__Work to complete__
Your answer must consist solely of the line containing "Відгуки про Thalgo" and all subsequent lines through the end of the entries, reproduced exactly.
---- Extracted material
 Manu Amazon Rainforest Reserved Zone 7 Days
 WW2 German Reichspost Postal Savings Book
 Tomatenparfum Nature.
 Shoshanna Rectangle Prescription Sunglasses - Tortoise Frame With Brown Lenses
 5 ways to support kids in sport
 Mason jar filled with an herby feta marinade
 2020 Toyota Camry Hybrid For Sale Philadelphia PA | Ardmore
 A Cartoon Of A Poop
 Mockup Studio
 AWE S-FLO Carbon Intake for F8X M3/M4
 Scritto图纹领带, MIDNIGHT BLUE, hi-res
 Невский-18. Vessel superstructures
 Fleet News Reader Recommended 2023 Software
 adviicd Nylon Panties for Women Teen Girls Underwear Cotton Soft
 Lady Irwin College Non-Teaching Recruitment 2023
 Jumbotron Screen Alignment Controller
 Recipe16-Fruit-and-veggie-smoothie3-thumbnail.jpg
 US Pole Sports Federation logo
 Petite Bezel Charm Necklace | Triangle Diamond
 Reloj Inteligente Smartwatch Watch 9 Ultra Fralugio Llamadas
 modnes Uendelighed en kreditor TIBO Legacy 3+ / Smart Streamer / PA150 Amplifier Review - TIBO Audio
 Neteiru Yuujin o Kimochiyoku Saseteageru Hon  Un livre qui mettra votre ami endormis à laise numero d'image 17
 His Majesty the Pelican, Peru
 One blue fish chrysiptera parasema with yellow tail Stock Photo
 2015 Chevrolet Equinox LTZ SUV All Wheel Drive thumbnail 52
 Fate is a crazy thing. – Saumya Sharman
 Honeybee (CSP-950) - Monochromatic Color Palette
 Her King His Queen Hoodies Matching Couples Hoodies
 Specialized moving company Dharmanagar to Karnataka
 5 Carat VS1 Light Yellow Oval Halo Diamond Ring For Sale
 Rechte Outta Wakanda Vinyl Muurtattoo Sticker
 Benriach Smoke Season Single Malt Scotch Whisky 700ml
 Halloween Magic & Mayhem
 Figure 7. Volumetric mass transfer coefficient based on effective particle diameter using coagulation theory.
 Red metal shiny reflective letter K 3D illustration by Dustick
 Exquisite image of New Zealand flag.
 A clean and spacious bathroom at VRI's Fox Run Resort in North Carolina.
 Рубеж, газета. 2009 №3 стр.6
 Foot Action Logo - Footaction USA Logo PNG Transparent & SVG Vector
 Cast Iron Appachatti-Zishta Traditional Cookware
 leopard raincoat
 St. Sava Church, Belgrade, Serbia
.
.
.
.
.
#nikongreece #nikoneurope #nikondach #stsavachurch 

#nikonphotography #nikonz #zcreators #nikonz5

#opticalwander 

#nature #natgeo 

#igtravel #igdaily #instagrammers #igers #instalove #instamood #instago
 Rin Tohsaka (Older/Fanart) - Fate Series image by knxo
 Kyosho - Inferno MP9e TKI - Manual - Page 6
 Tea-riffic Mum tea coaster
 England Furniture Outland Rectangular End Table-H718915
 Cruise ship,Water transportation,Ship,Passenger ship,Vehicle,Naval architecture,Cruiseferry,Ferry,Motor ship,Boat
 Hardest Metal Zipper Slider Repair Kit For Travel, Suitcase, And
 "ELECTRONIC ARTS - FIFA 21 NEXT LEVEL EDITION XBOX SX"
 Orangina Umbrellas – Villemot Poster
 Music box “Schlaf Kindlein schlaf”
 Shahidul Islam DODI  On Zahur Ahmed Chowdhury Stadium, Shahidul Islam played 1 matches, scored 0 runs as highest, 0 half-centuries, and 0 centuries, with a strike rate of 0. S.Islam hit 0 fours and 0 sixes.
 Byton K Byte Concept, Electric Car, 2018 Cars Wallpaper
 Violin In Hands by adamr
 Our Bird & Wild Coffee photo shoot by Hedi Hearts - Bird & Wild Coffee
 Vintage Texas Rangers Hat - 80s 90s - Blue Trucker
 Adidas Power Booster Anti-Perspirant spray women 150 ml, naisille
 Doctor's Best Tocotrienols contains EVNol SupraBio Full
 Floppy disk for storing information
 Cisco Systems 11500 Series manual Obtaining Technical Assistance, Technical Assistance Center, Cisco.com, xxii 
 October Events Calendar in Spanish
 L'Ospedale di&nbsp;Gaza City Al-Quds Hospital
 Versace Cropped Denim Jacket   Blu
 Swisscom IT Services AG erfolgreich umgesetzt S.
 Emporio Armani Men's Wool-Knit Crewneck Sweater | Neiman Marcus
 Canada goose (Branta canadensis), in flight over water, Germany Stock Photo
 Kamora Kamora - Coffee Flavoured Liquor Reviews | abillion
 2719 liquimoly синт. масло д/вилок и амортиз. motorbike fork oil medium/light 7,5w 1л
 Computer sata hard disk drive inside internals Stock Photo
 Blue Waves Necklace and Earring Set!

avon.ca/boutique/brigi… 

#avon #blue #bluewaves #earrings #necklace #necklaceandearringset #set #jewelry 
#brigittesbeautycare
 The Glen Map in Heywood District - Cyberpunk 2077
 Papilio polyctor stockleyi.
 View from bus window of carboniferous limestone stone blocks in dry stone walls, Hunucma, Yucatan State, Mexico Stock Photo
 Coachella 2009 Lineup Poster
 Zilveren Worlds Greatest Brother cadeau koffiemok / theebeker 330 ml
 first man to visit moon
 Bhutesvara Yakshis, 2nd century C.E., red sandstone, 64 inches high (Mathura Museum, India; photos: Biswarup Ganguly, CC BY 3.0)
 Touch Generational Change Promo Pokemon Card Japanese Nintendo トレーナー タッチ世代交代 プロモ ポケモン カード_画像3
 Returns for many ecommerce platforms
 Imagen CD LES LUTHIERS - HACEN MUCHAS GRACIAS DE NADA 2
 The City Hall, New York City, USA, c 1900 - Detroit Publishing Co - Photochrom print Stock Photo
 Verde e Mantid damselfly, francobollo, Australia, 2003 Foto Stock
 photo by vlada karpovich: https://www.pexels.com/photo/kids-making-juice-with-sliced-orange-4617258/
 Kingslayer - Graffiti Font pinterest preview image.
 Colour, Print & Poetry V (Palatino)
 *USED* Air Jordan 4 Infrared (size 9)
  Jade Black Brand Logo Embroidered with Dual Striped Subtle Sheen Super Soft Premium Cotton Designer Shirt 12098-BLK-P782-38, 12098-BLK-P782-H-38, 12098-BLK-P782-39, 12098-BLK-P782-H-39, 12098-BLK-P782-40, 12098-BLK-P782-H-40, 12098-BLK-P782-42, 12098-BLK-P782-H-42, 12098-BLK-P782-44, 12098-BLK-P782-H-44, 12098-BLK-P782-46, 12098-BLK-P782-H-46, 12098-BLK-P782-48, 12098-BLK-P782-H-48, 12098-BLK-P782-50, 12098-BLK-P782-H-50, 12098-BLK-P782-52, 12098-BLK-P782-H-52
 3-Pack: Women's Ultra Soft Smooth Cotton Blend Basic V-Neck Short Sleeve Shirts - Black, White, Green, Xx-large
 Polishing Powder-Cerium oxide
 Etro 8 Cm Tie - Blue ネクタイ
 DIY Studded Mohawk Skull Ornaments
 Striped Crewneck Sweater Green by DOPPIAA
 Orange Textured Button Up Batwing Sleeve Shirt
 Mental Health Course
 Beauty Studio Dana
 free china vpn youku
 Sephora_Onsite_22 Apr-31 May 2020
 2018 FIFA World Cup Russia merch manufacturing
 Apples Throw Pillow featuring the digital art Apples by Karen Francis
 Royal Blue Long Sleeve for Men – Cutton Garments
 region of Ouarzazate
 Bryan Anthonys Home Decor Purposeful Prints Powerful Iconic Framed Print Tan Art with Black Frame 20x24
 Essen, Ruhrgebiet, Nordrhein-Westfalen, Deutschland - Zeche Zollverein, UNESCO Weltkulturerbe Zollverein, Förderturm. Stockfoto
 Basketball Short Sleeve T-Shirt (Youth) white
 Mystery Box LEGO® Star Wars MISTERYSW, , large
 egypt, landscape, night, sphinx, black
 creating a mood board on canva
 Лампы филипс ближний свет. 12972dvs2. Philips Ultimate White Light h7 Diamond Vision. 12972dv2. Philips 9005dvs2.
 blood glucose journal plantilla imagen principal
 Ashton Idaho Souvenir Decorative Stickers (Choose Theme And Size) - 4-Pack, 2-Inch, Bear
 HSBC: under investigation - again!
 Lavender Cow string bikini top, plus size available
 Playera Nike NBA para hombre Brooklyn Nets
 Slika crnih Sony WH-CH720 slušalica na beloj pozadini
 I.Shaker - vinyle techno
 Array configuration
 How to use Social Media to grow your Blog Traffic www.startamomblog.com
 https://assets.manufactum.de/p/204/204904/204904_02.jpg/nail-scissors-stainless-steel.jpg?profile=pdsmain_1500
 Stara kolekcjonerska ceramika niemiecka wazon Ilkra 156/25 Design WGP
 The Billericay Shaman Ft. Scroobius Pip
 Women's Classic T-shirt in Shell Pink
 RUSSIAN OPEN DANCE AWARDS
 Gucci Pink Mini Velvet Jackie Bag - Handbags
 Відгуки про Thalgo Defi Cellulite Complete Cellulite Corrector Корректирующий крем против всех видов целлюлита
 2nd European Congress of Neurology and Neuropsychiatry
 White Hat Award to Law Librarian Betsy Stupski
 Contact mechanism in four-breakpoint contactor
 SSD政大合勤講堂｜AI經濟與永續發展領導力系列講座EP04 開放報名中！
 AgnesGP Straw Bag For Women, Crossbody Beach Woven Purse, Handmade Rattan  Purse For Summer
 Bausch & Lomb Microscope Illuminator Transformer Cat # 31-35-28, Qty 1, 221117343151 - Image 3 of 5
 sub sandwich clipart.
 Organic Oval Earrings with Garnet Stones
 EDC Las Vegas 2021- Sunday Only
--------
__Completed exercise__
 Відгуки про Thalgo Defi Cellulite Complete Cellulite Corrector Корректирующий крем против всех видов целлюлита
 2nd European Congress of Neurology and Neuropsychiatry
 White Hat Award to Law Librarian Betsy Stupski
 Contact mechanism in four-breakpoint contactor
 SSD政大合勤講堂｜AI經濟與永續發展領導力系列講座EP04 開放報名中！
 AgnesGP Straw Bag For Women, Crossbody Beach Woven Purse, Handmade Rattan  Purse For Summer
 Bausch & Lomb Microscope Illuminator Transformer Cat # 31-35-28, Qty 1, 221117343151 - Image 3 of 5
 sub sandwich clipart.
 Organic Oval Earrings with Garnet Stones
 EDC Las Vegas 2021- Sunday Only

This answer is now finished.